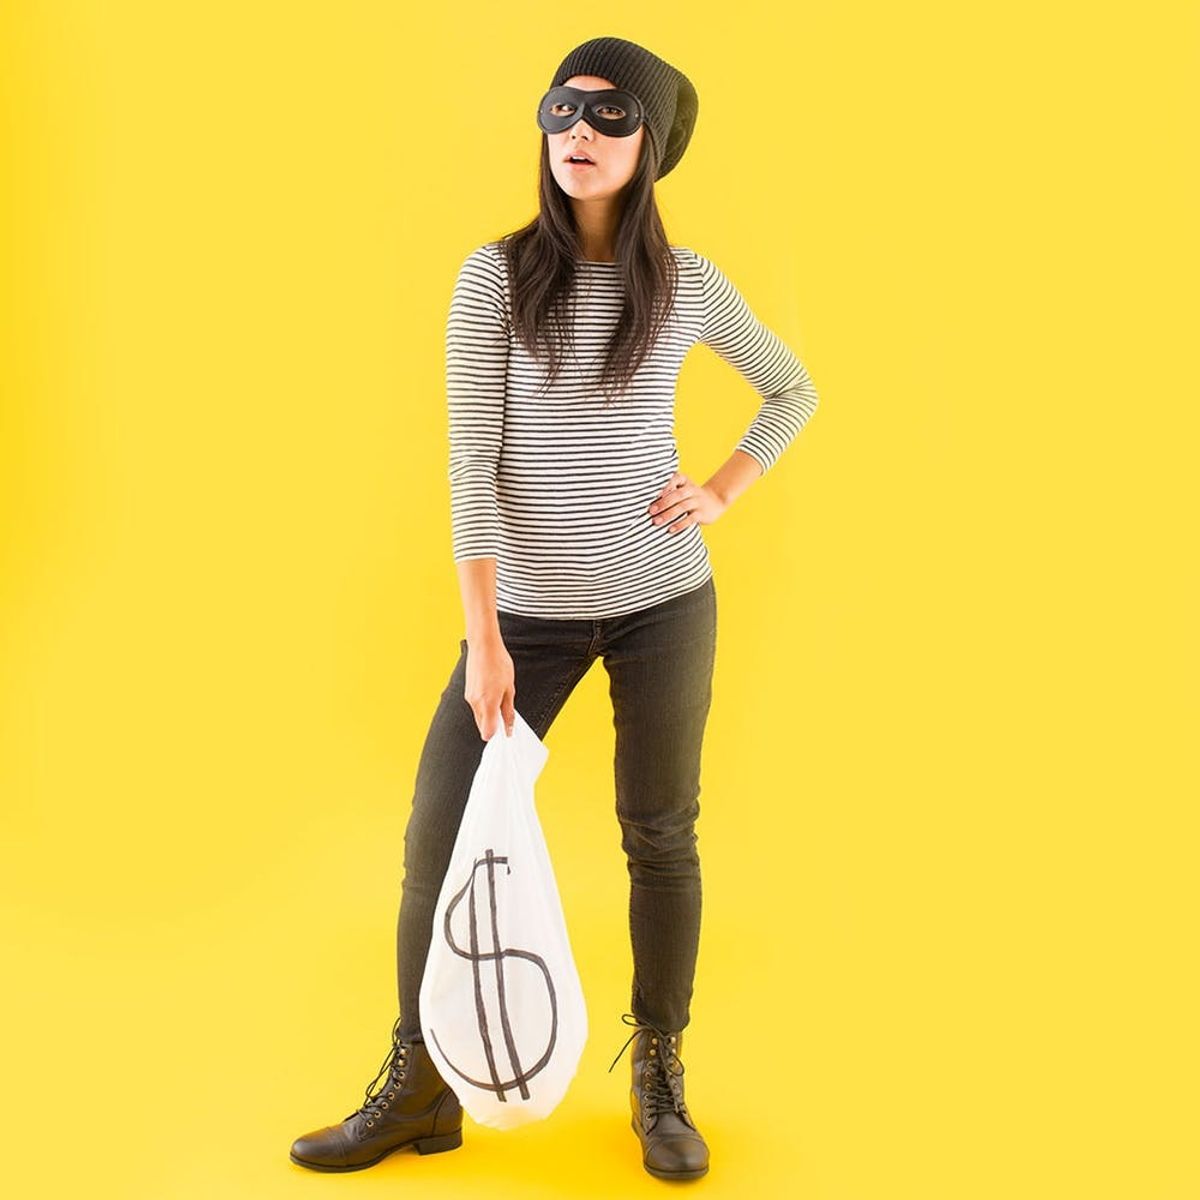 This Easy Bank Robber Halloween Costume Is Already in Your Closet
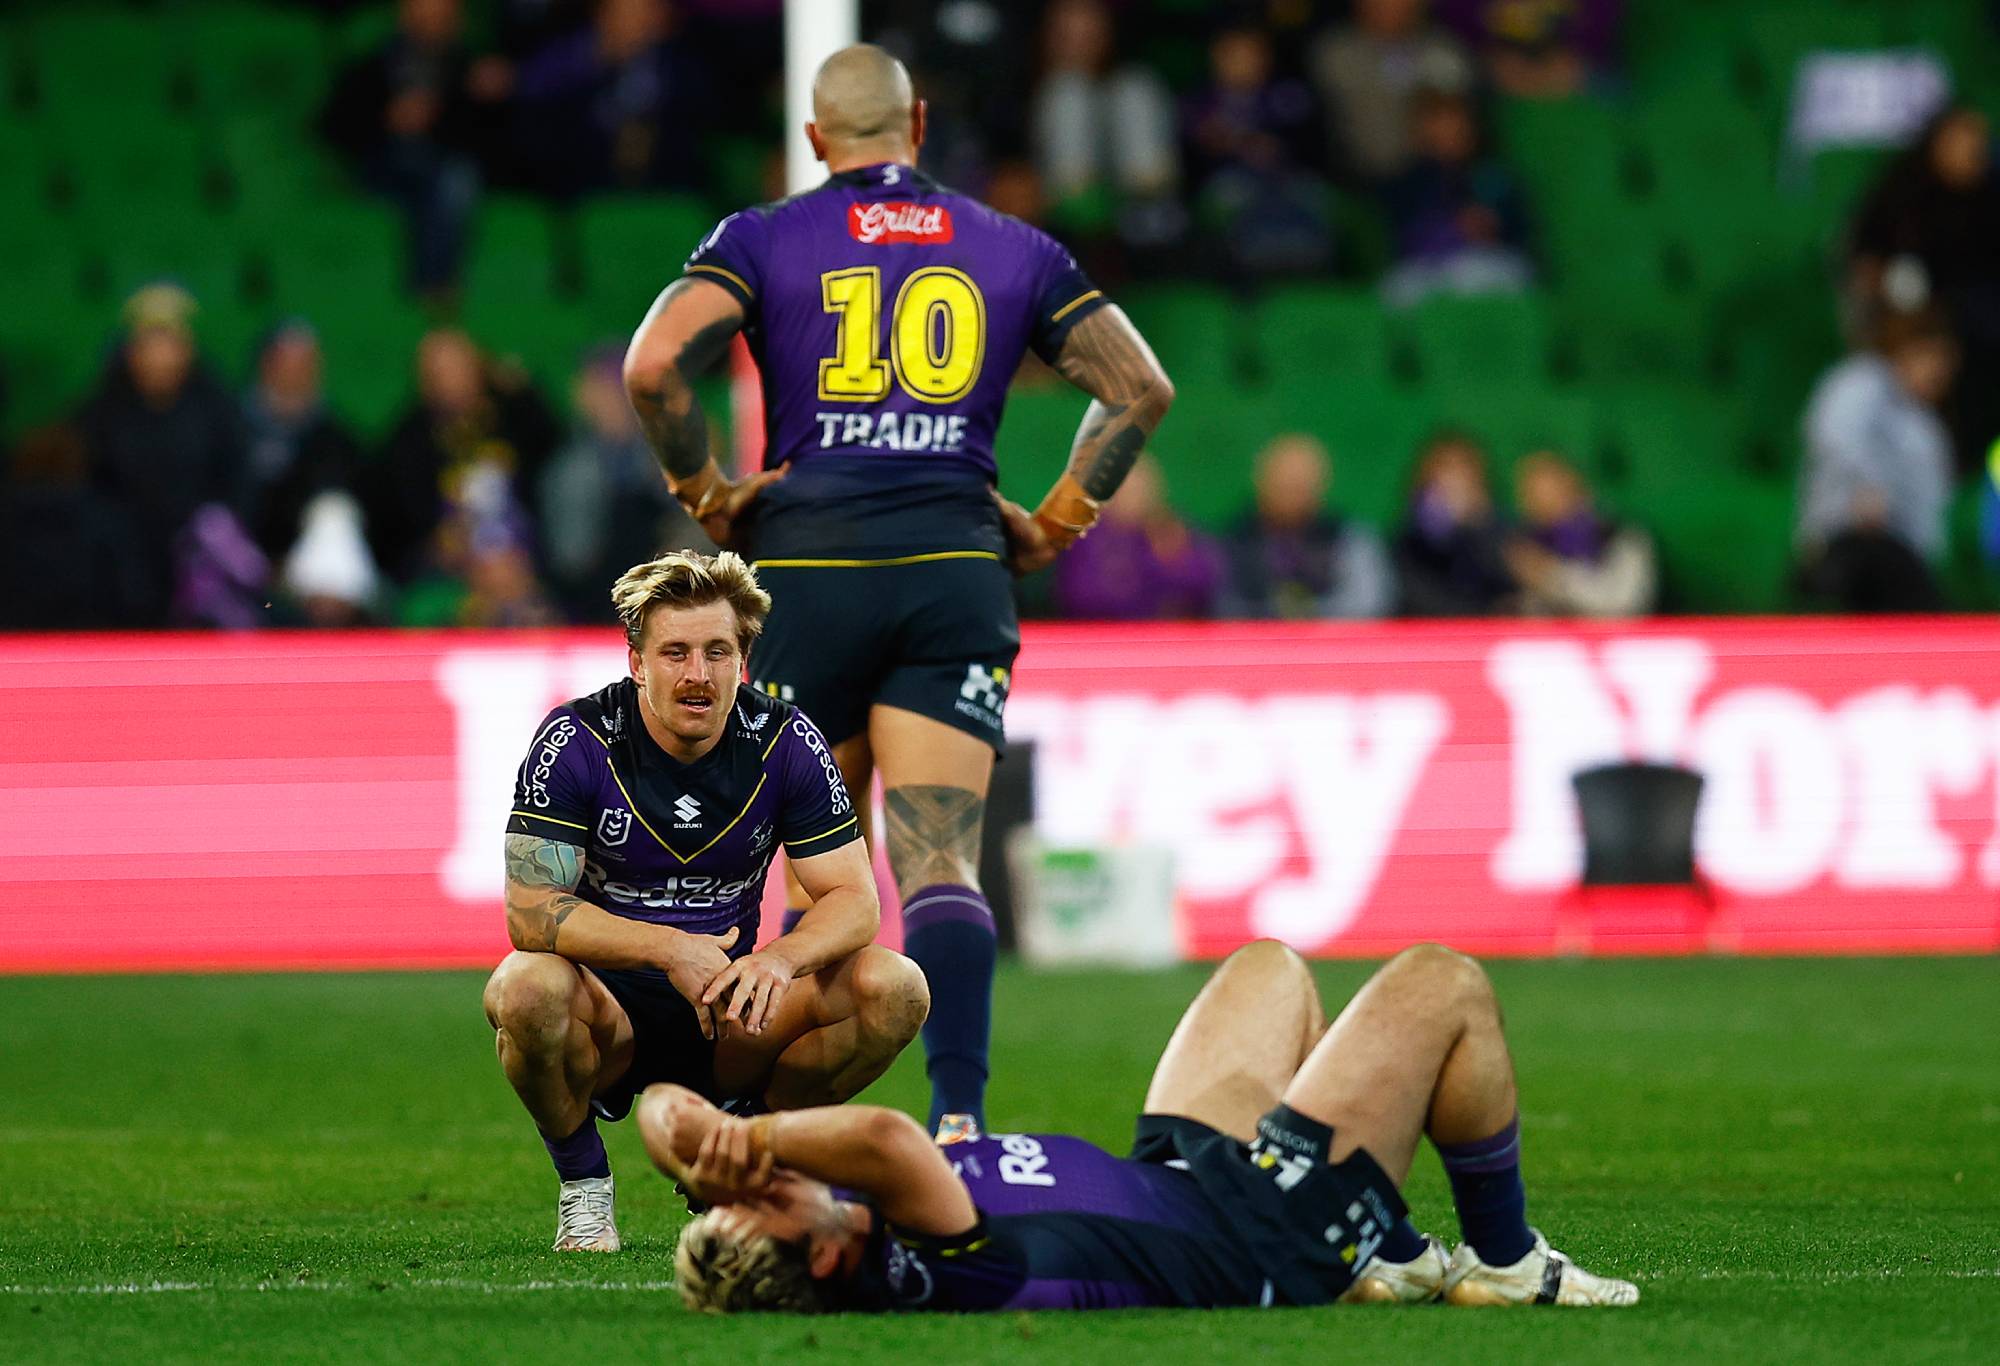 MELBOURNE, AUSTRALIA - SEPTEMBER 10: Cameron Munster (L), Brandon Smith and Nelson Asofa-Solomona of the Storm looks dejected after the NRL Elimination Final match between the Melbourne Storm and the Canberra Raiders at AAMI Park on September 10, 2022 in Melbourne, Australia. (Photo by Daniel Pockett/Getty Images)
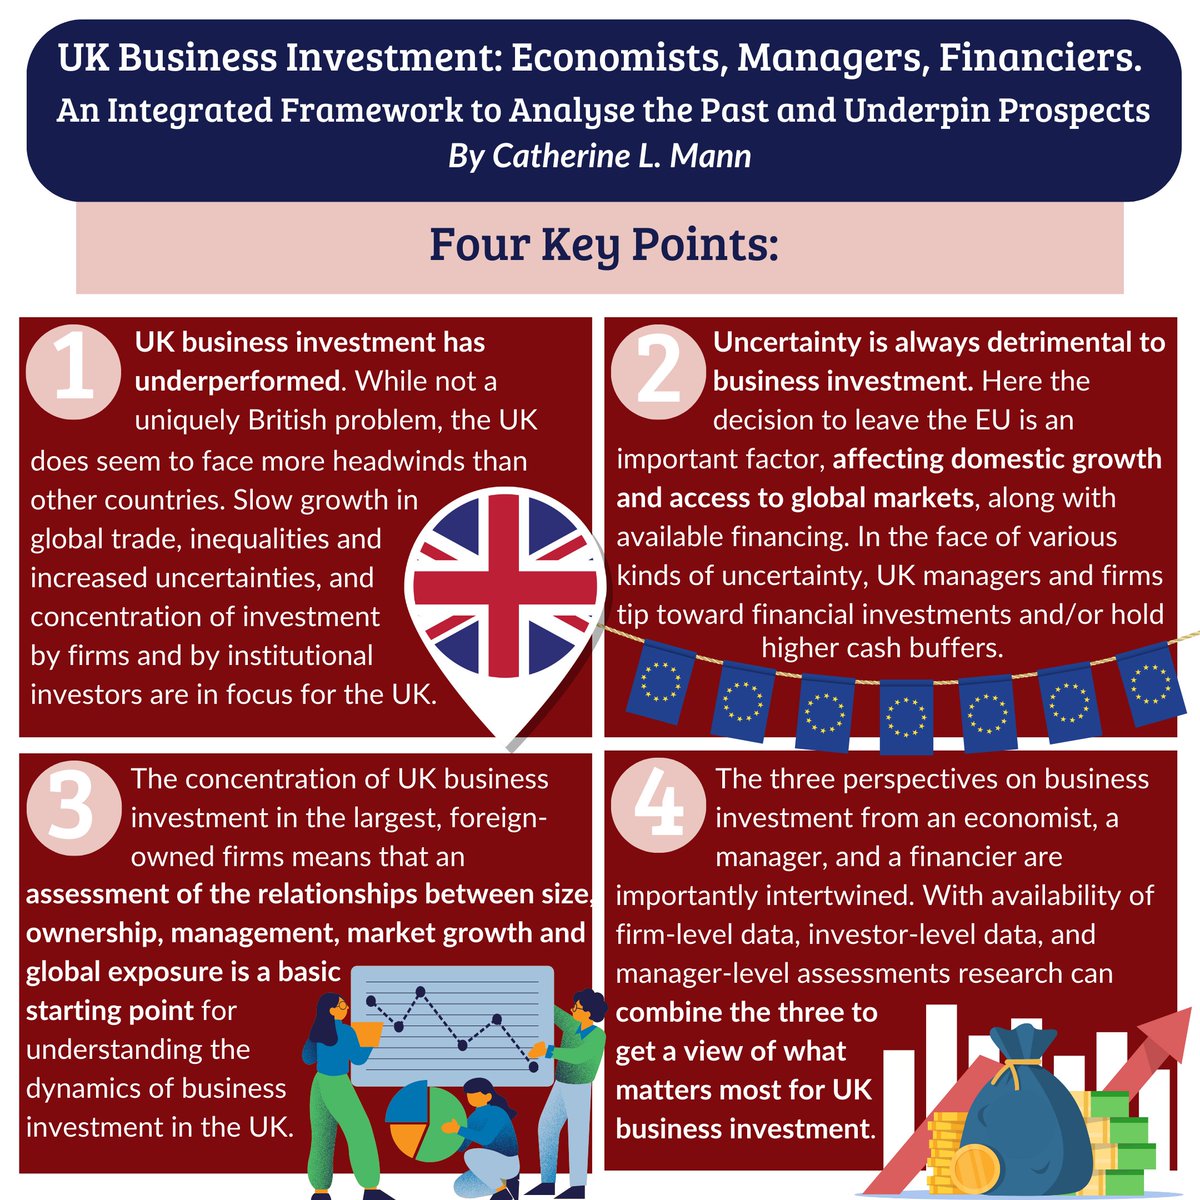 🚨 NEW PAPER 🚨 Read Catherine Mann's latest work, 'UK Business Investment: Economists, Managers, Financiers' 🔓 'UK business #investment has underperformed... while this is not a uniquely British problem, the UK does appear to face more headwinds' 📉👇 niesr.ac.uk/publications/u…

# # # #

- [TASK] What is needed is the whole listing again, set down exactly, without its pictures.

- [EXPECTED ANSWER]
 This Easy Bank Robber Halloween Costume Is Already in Your Closet
 MELBOURNE, AUSTRALIA - SEPTEMBER 10: Cameron Munster (L), Brandon Smith and Nelson Asofa-Solomona of the Storm looks dejected after the NRL Elimination Final match between the Melbourne Storm and the Canberra Raiders at AAMI Park on September 10, 2022 in Melbourne, Australia. (Photo by Daniel Pockett/Getty Images)
 🚨 NEW PAPER 🚨 Read Catherine Mann's latest work, 'UK Business Investment: Economists, Managers, Financiers' 🔓 'UK business #investment has underperformed... while this is not a uniquely British problem, the UK does appear to face more headwinds' 📉👇 niesr.ac.uk/publications/u…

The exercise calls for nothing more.